Something that seems on the up and up lately in classical music concert repertoire is the unification of the West, East, South, and North in novel ways. No longer are programs dominated by the Western classical modality, and instead "classical" traditions of other ethnic and cultural backgrounds are being integrated into the larger schema of music, a refreshing development given the unfortunate connotation of "classical" with the Germano-centric sphere and post-Medieval modalities. Although the "Classical" period began in the middle of the 18th century, what is and is not "classical" is not more aesthetic than anything else, lacking a coherent methodology except the utilization of certain methodological and structural concepts that have gained the identity of classicism. Utilizing such a hard-line approach towards what's under the "classical" umbrella, if one appeals to chronology rather than aesthetics, would only really begin in the 18th century once music stopped becoming something ritualistic and instead became something pleasurable. Can the "classical" exist within the confines of sacred music? I would argue no, as sacred music's ontology is not designed, nor 'should' be designed, to induce earthly diatonic pleasure but rather to elevate and virtuously illuminate something beyond even what the music is able to convey.
What I'm saying here is that what I consider the "classical" is wrapped up in on one end the purposeful production and dissemination of pleasure by the composer at hand, while on the other end the utilization of definable constructions and theoretical methodologies that provide the composer with a socially-endorsed roadmap guaranteed to produce...pleasure. Argue all you want but when discussing Neoclassicism vs. Romanticism, in a way the later category was less about the production of pleasure than the former but it still adhered to the latter tenant of my definition, and in one way Neoclassicism is less "classical" than the busty oeuvre of the Romantics.

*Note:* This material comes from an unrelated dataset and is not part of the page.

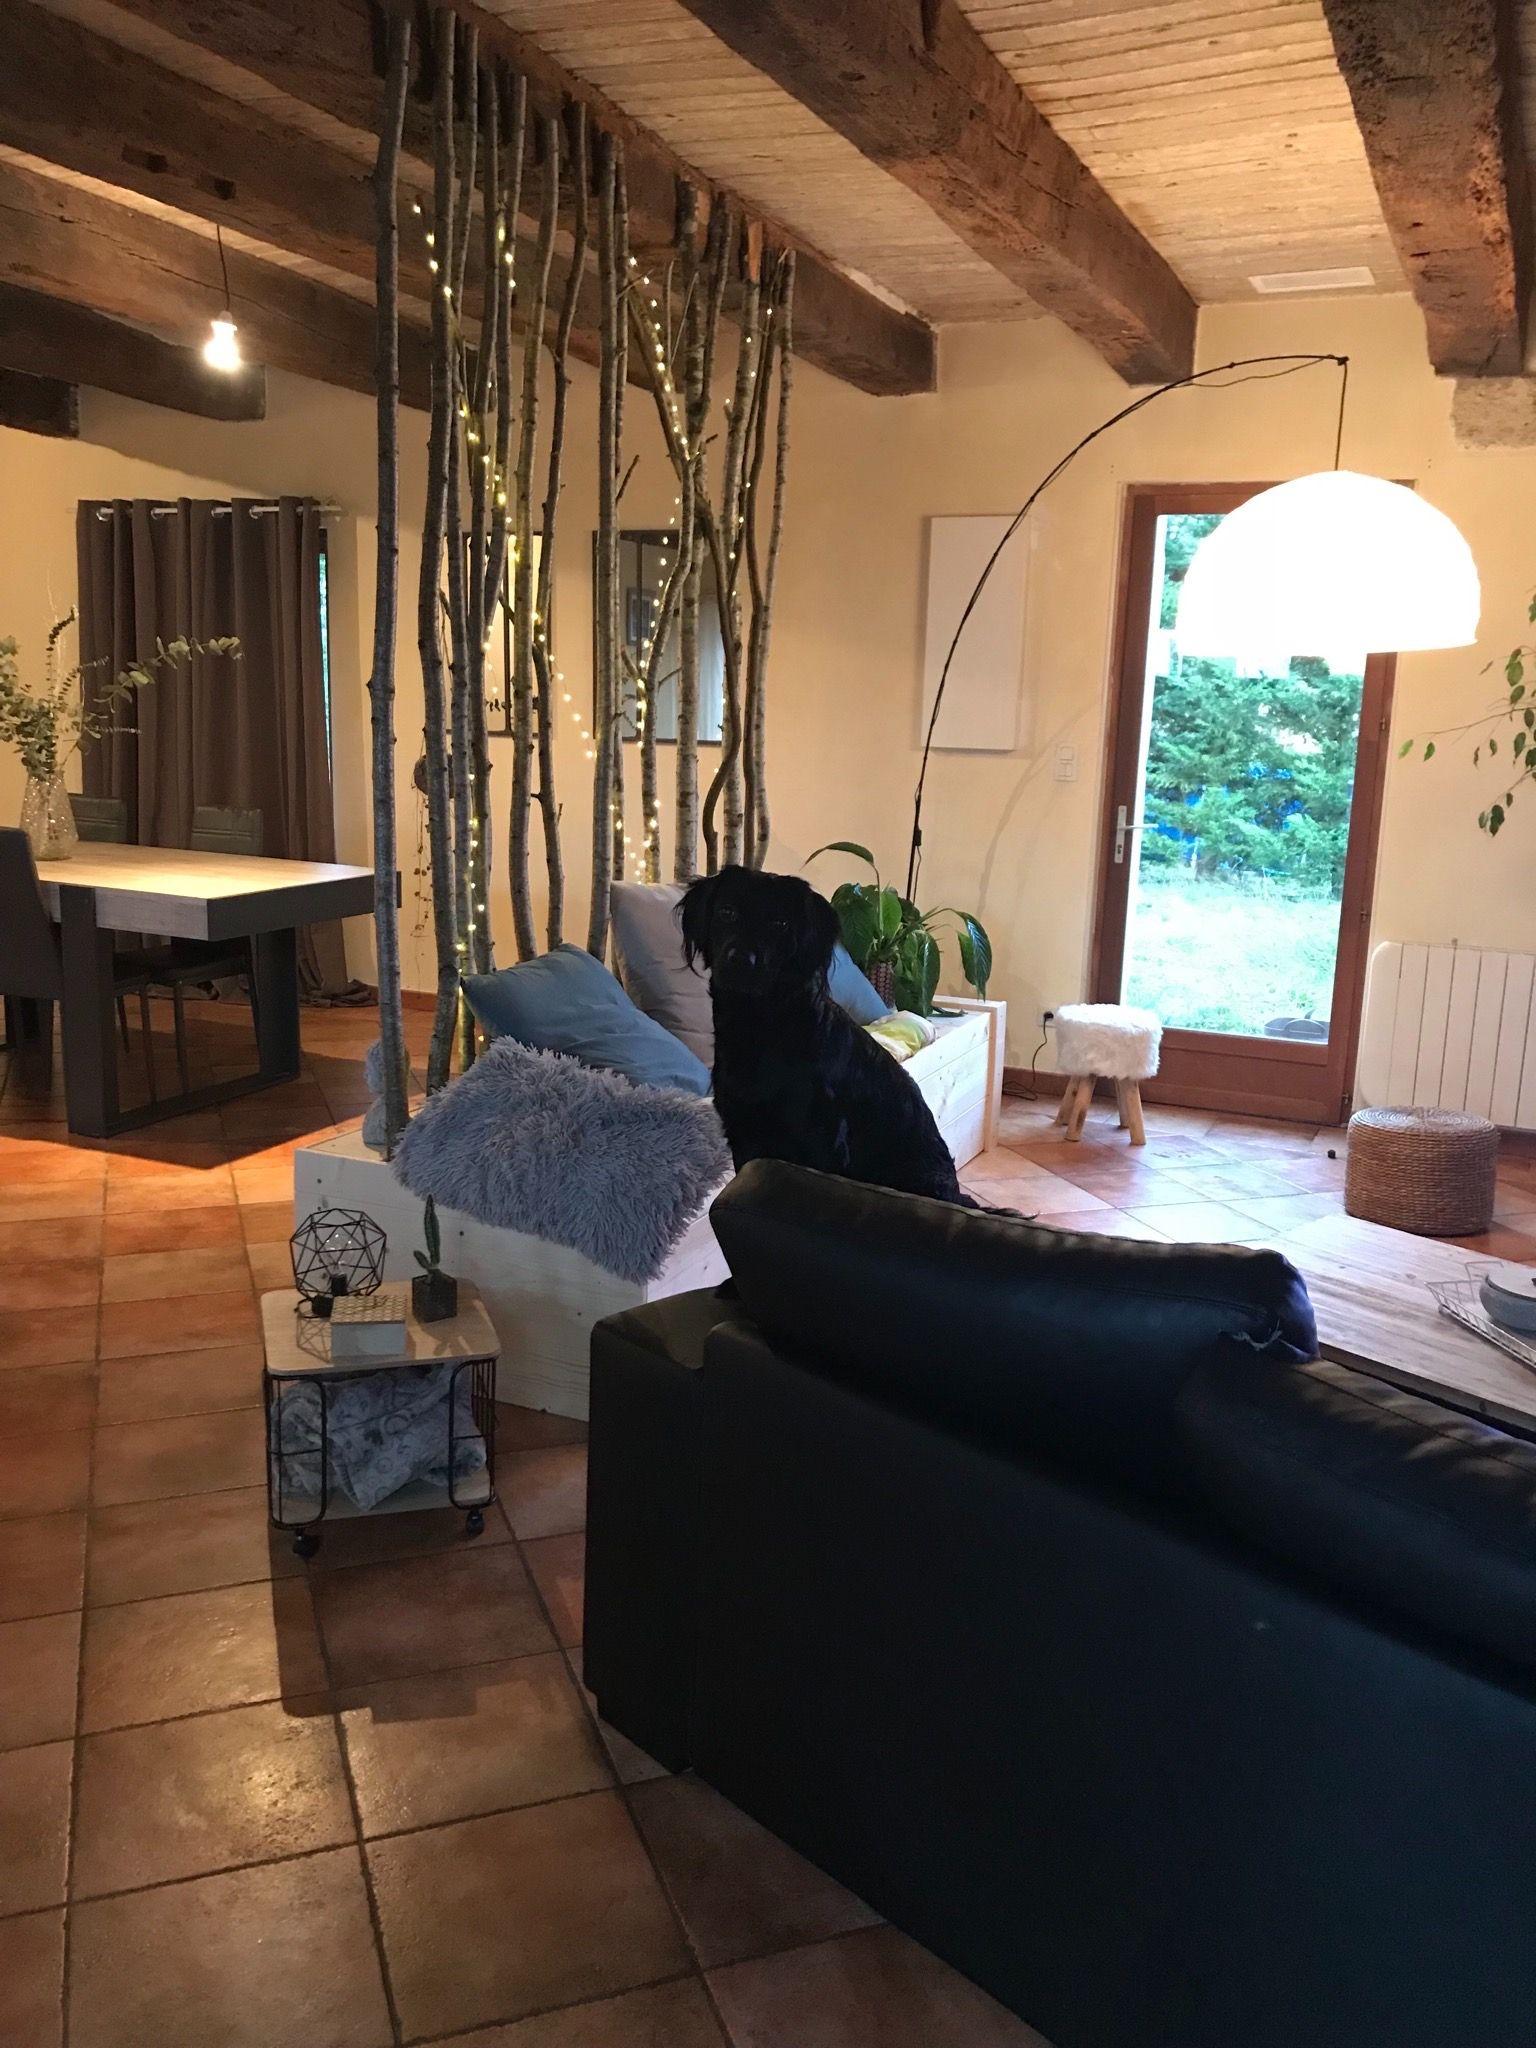 Agencement Bois Nature Construction Diy Design Renovation Architecture Salon Zen Lumiere Sofa Cosy Agencement Salon Diy Design Salon Zen
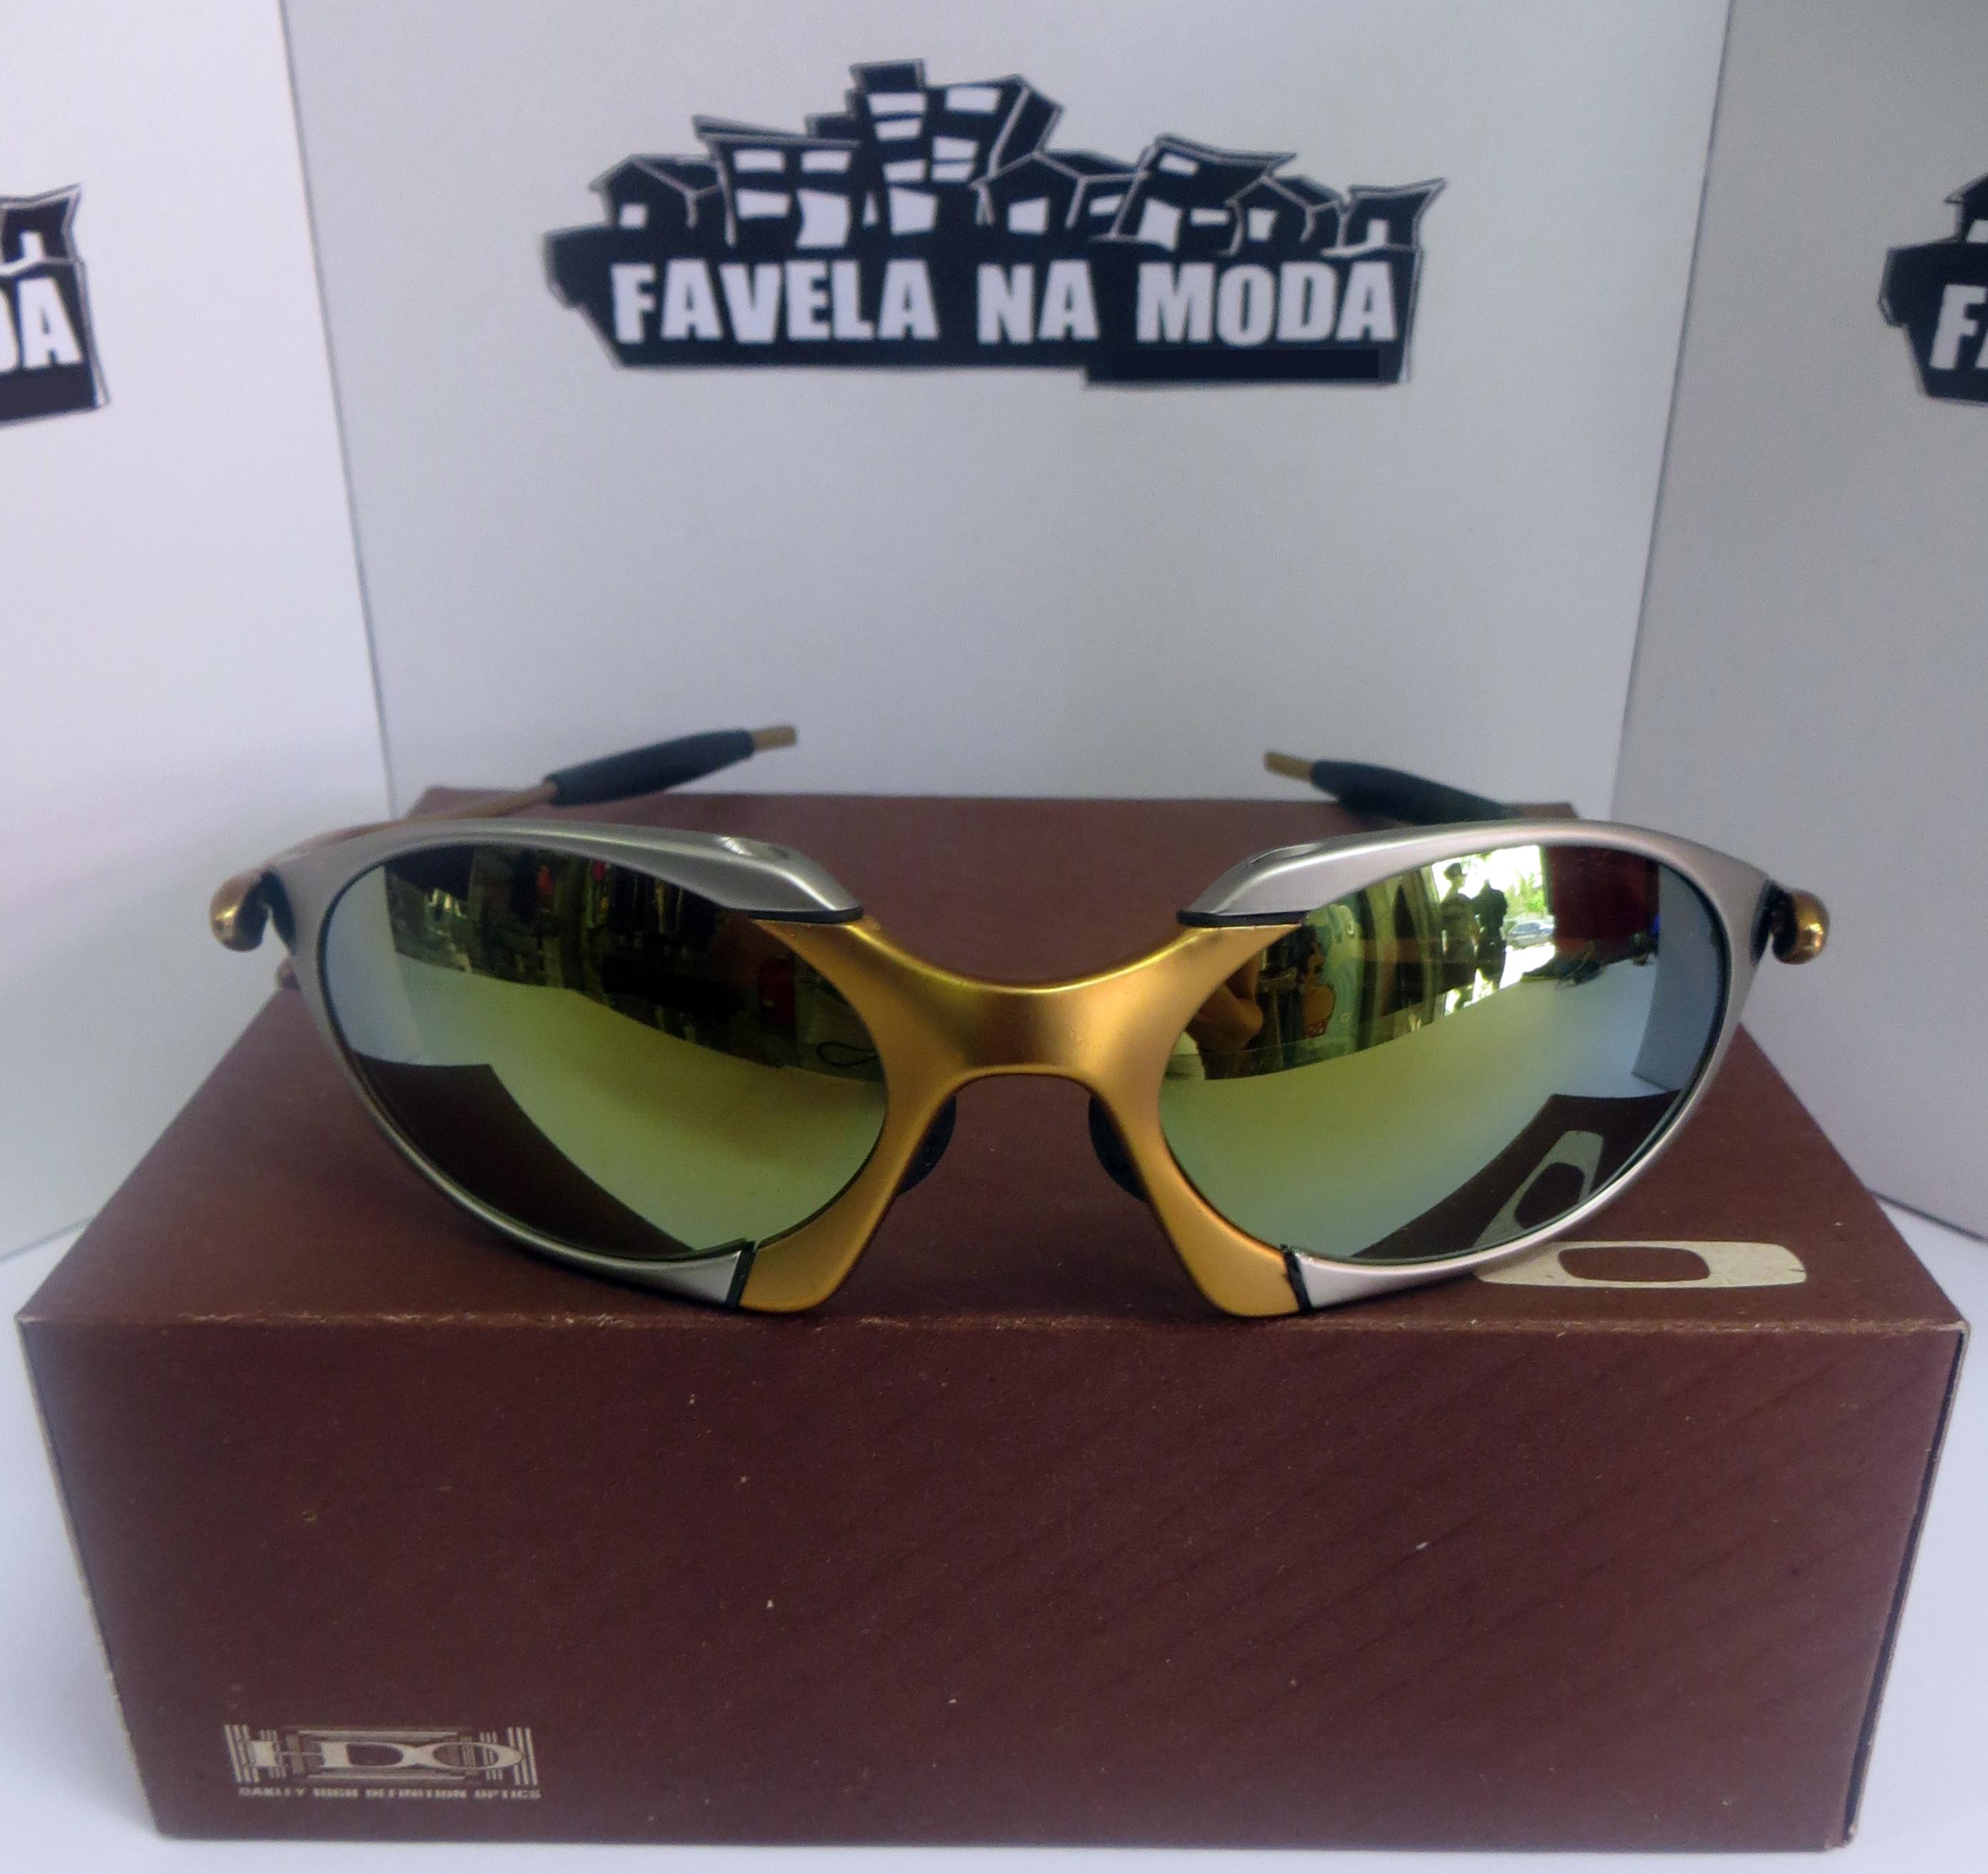 3fce14e9057e4 Oculos Oakley Pit Boss Ducati « Heritage Malta

Similarly, serial composers were attempting to redefine our relation to world of music through the augmentation of the perfection (imperfection) diptych that still colors much of how we hear music (i.e., consonance [tonal] and dissonance [atonal]) into something akin to if Monet and Pollock had a child (perhaps seen in Rothko if I'm perfectly honest, although this association may be hard to perceive...think destruction of innocence and the attainment of (som)/(no)thing]. Thus, in the subterfuge of semantics contemporary audiences are learning to retrain themselves to hear not "classical" music but the fabrication or facade of "classical" through the lense of (dis)similarity. In short, what I'm saying could be understood as: Construct as necessary to define the difference but followed by unification.
Where did these thoughts come from today? After having attended the first concert of the "Apollo Sessions" hosted at St. Georges, I realized very quickly that there must be a greater emphasis on not simply diversifying concert repertoire (too easy!) but instead the didactic exhibition of transcultural unification. The "classical" exists everywhere, time now to show it! Perhaps it's because I am working on a presentation centered around the theme of musical cosmopolitanism and the growing access to non-domestic musics via digital technologies but the idea that there is a global musical history is fascinating to me. What this then means is that Music Historians, Musicologists, and the like can keep on describing and engaging in dialectics around the conventional chronology of music, all the while adding to the mix the Baroque, Classical, Romantic, Neoclassical, Modern, Postmodern, Contemporary of the global community. If this is done, and audiences come to appreciate that these epochs were just as lively and historically "real" across the globe as they were in Russia, Germany, Italy, France, United Kingdom, and the better-documented regions of the world, then I see a much fuller future ahead for the musical arts. It's not about deconstruction but instead reconstruction, better-construction, updating, reformulating, reconceiving, and harmonizing.
The concert in question combined Western and Eastern classical traditions in a really impactful way, the first "act" (this word intimating a sense of specticality I'm not intended) was the Speranza Wind Quintet (Uni. of Bristol music students) and an (unfortunately unnamed) Hindustani classical singer (ostensibly Uni. of Bristol student but her appearance was unplanned according to the concert's program). While the afternoon concert was slated to be only classical repertoire from a diverse array of composers (early Classical period to late Romanticism), the diversion from the schedule perhaps was more impactful than they actually realized AND much more seminal, even in this informal and unscripted manner. To cut a long and winding blog post short: What must be done in concert repertoire is not musical diversity but stylistic multiplicity. If it's baroque, showcase the global baroque!